After I started learning Rust I decided to write a command line tool to help me parse and process these files so I wouldn’t have to keep doing it manually. For one or two that’s totally fine but for bulk processing this quickly becomes unwieldy.

I’m not going into the details of my experience of writing this tool, I’ll just say that I started writing my own parser for the file format but discovered after a while that there was a library already out there doing the same thing, just better.

So I decided to rely on this library instead of what I had written myself. Every once in a while I made comments, feature requests and eventually also started contributing a bit to it. All in all a quite pleasant experience as I felt I was learning much during the process.

Everything was fine until I came across something strange. I read that someone had implemented a similar library in Haskell (which is not weird, many languages have parsers for this file format) but it claimed to be exceedingly fast, needing only ~ 8s for parsing a really big file. I was intrigued and tried parsing the same file with the Rust library I was using myself. After all Rust is supposed to be fast, right?

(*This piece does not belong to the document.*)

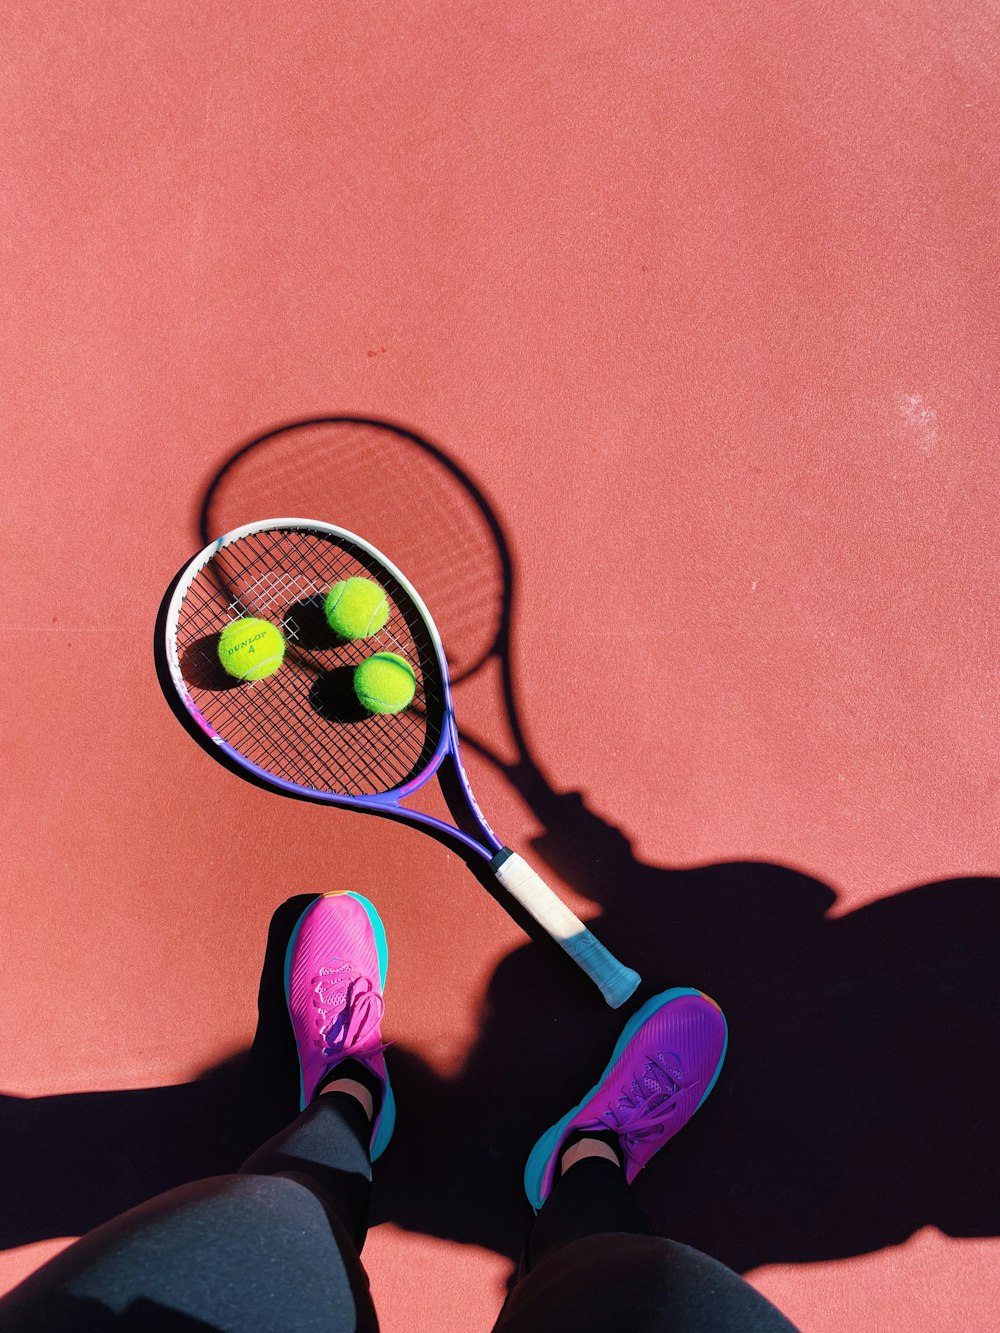 Une personne debout sur un court de tennis tenant une raquette de tennis  photo – Photo Malibu Gratuite sur Unsplash

Turns out, I had to wait for about 20 minutes for the parsing process to finish. All things considered, this seemed unsatisfactory, something clearly was wrong here. We couldn’t lose to Haskell, could we? But in all seriousness, although what I did here is obviously not an apples to apples comparison, this seemed to indicate some deficiency in our parsing algorithm to me.

Okay, but what to do now? Reading through thousands of lines of code and looking for issues by hand was obviously not a good idea, not least of all because human’s aren’t necessarily good at optimizing code. That goes double for me who is not experienced enough for this kind of thing yet. What I consider inelegant or inefficient may actually be cheap or even completely optimized away by the compiler. On the other hand, something I regard as good code may in fact be quite costly. How can I find out for sure then?

I’ll share some words of wisdom that I was given a while ago:

“When in doubt, measure.”

So that’s what I resolved to do. This is where profiling comes into play. It’s, roughly speaking, a way of measuring where in your code the computer spends its time during execution. In reality it’s a quite involved art of which I have only scratched the surface.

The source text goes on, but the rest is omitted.